Things to Expect When Dating for Seniors

Read this guide to know more about how to behave in dating situations.

Wouldn't it be wonderful if your next first date turned out to be your last first date as well? I can't promise you anything, but I can tell you what you may reasonably expect from your first face-to-face contact with someone you've met online:

1. Be prepared to be on edge.
A first date is reminiscent of a junior high school dance, with nervous folks attempting to appear cool. You should keep an eye out for those jitters, which might make you feel so nervous that you begin to project your own expectations onto this new person, rather than observing his or her genuine nature. As a result, be forthright and truthful. Inquire about the problems that are most important to you and your family. And pay attention — very closely — to the responses.

2. Be prepared to feel 13 all over again.

On a recent occasion, I had the distinct impression that I had been struck by lightning. My heart rate increased dramatically. My hammering heart was on the verge of bursting out of my chest. I was feeling dizzy. I couldn't put together a complete thought. Overall, it didn't feel too unlike from being back in 7th grade again, finding the courage to ask Nancy Morris to dance for the first time in my life. If you experience comparable sensations on your first date, don't be alarmed; instead, consider them a favorable indication!

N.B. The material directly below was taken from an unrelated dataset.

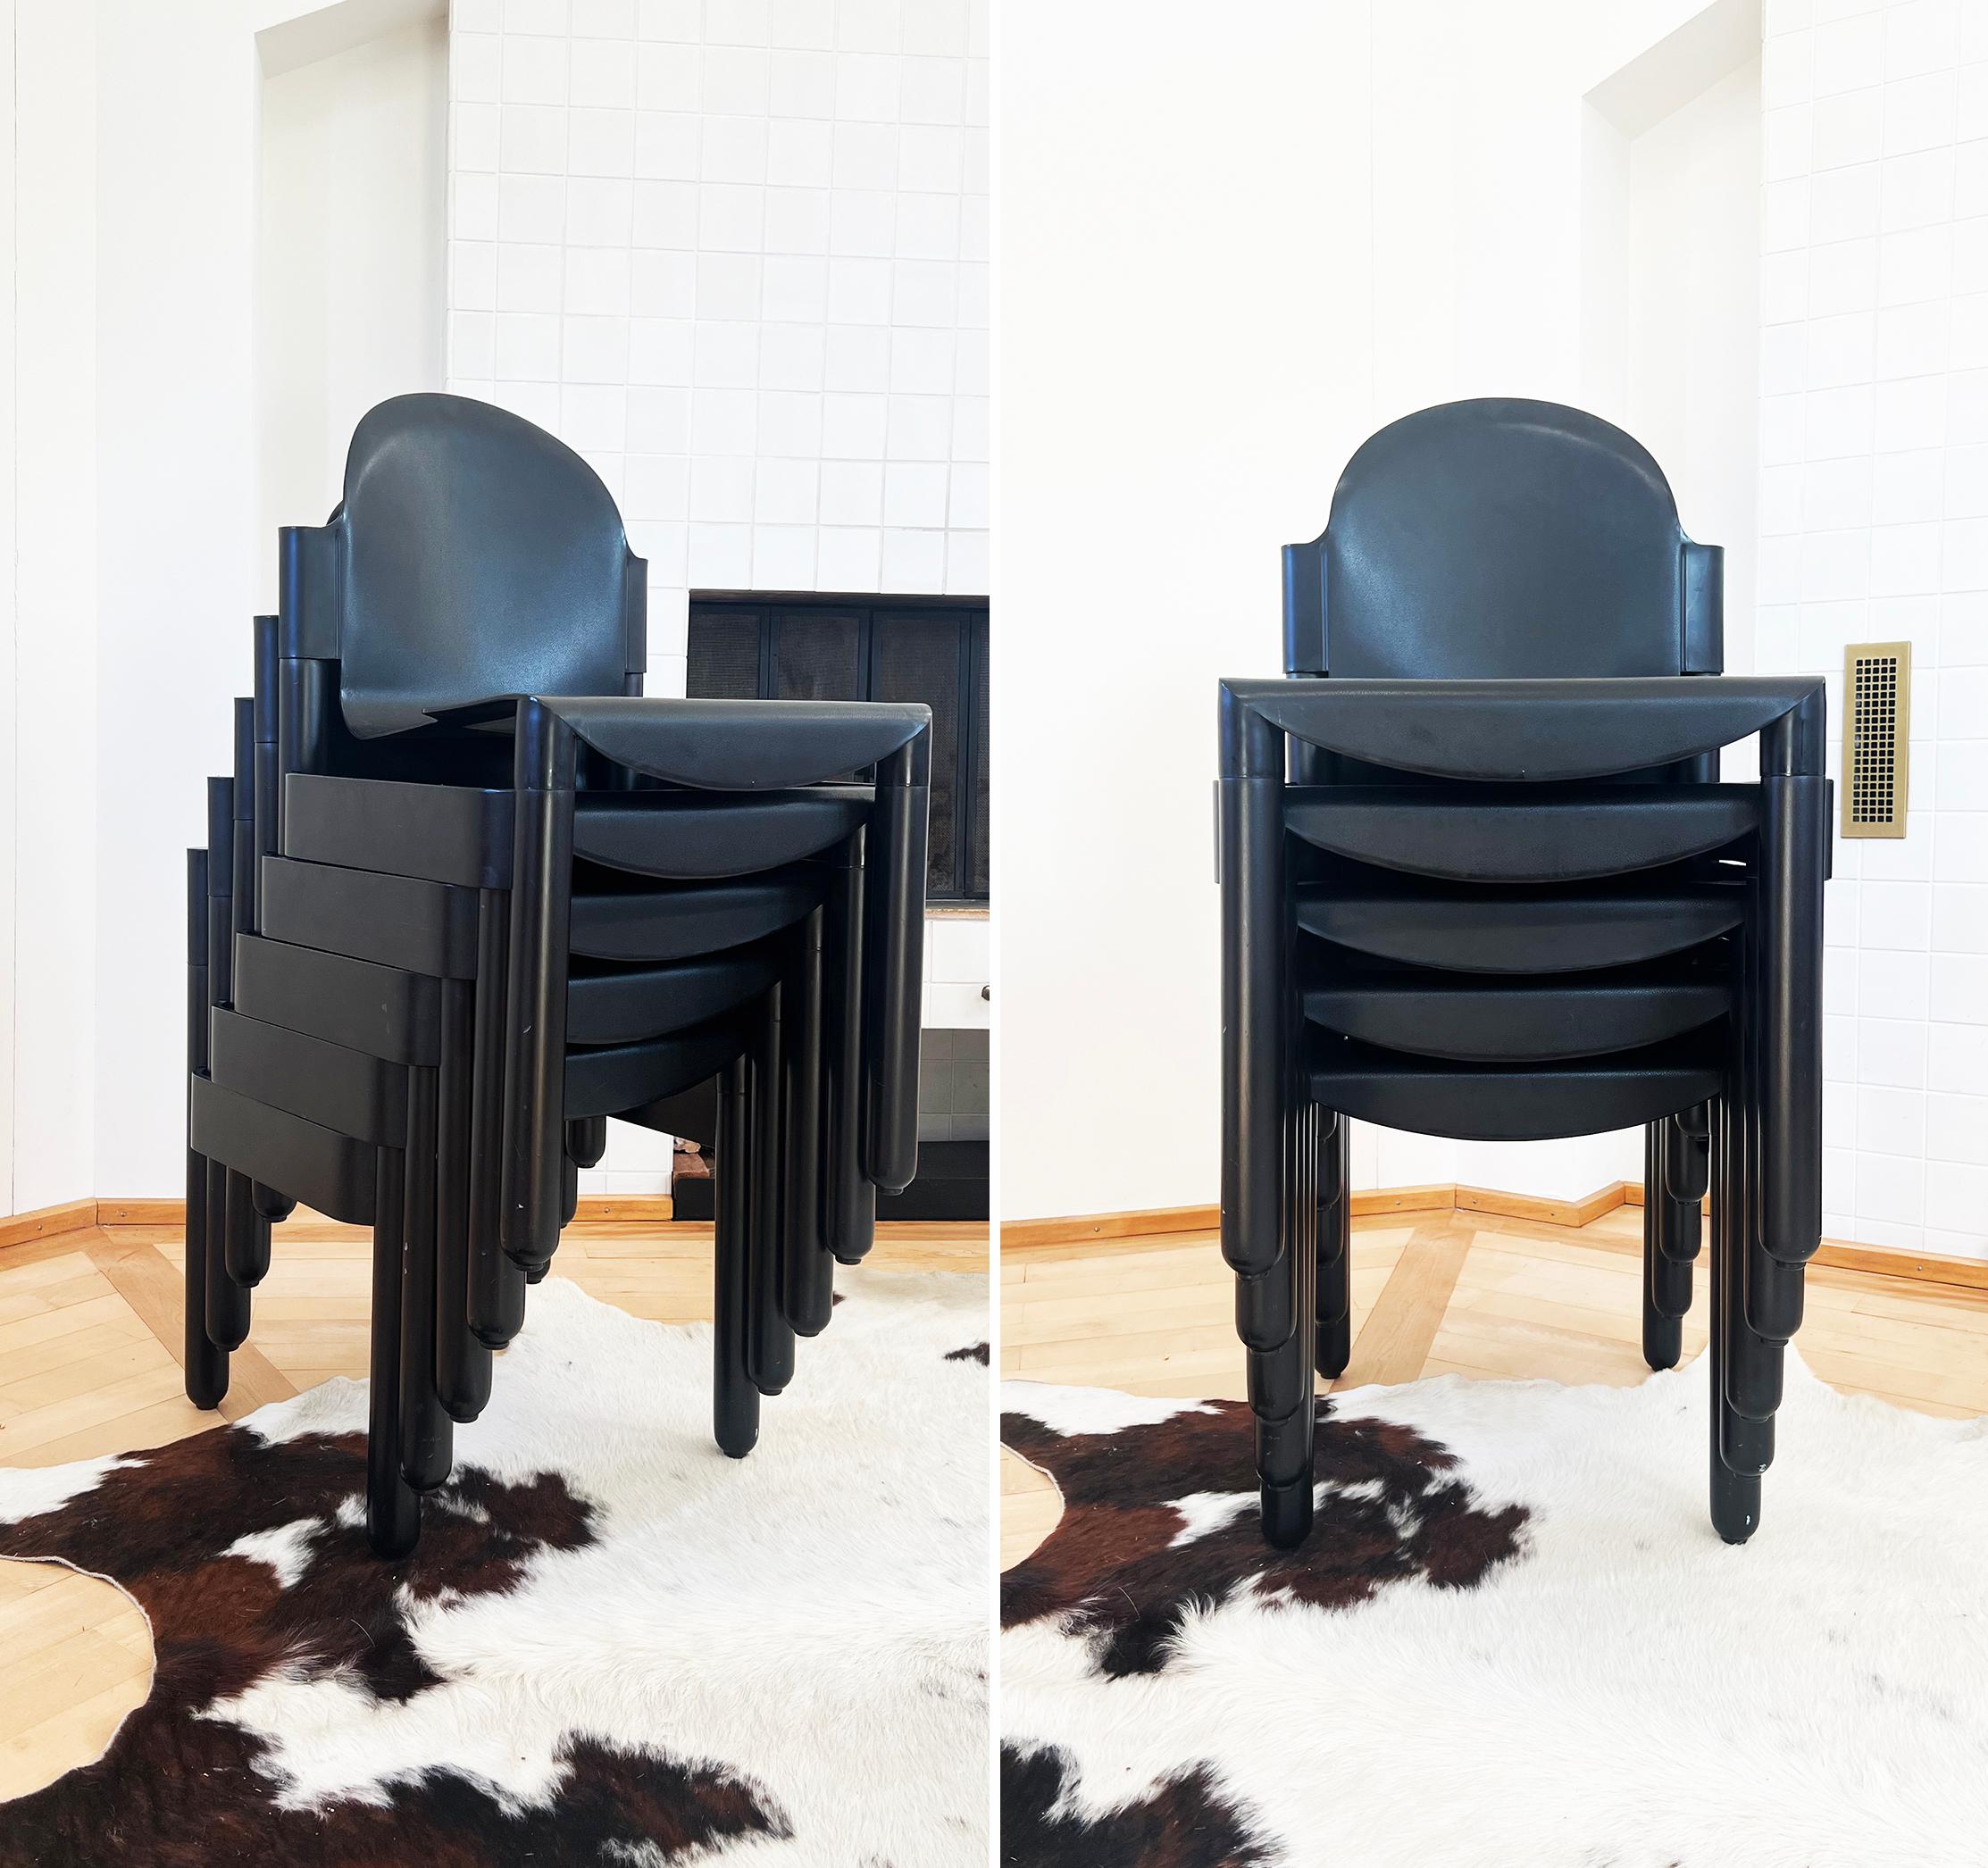 Excellent set of 6 Flex 2000 Stacking Chairs by Gerd Lange for Thonet, with Solid Black wooden frames and black seats. No longer produced, Rare items. VERY hard to find in solid black. Very Chic!

Designed by Gerd Lange in 1983, manufactured in

3. Expect to be able to rely on first impressions

It is absurd to believe that you must go on multiple dates in order to establish the feasibility of a new relationship. A man and a woman may have an obvious affinity for each other from the beginning of their relationship, but that does not rule out the potential of magic occurring. So trust your instincts; they'll tell you right away whether or not the other individual is a good match for your personality.

For the opposite, anticipate that you may need to exercise patience.

The majority of daters over the age of 50 are less impulsive, which is a positive development. Now that we've had enough life experience, we've learned that we shouldn't fall in love with the first person we meet. We are aware of what works for us and what does not work for us. We feel that finding a satisfying relationship is still feasible — as long as we're ready to be patient and wait for the appropriate person to come along in our lives.

5. Be prepared to hear the truth.

Force your thoughts to ask questions about such important problems as your partner's financial situation, dating history, and relationship ambitions, even if you believe in your heart that he or she is the right one. You should maintain eye contact with the person and make it apparent that you are expecting the truth and not a sanitized version of the truth.

6. Be prepared for R-E-S-P-E-C-T.

You can simply say, "Thank you for the coffee date," and walk away if you feel as though the person across the table is condescending you — for example, if he or she argues that you're wasting your life teaching school when you might be making "real" money in the business world. It is wrong to treat someone with disrespect under any circumstances. However, it is particularly unbearable at the first meeting due to the fact that it is unlikely to improve with time.

7. Be prepared for a close fit.

Forget about the nonsense about "opposites attracting." You're looking for someone who's as similar to you as you can possibly be. The reason behind this is as follows: Most people are apprehensive about the prospect of finding someone who is exactly like them because they are concerned that someone will share not just their strengths but also their flaws. Contrary to popular belief, someone who closely resembles your personality, preferences, and temperament is more likely to be your soul mate than your evil twin.

8. Be prepared to be completely out of your head.

Your brain (which has brought you to this crossroads) will eventually be ready to give way to your heart, and you'll be ready to do so when the time comes (which will show you the path to follow ahead). Believe what your second organ is telling you; your feelings are the ultimate source of knowledge.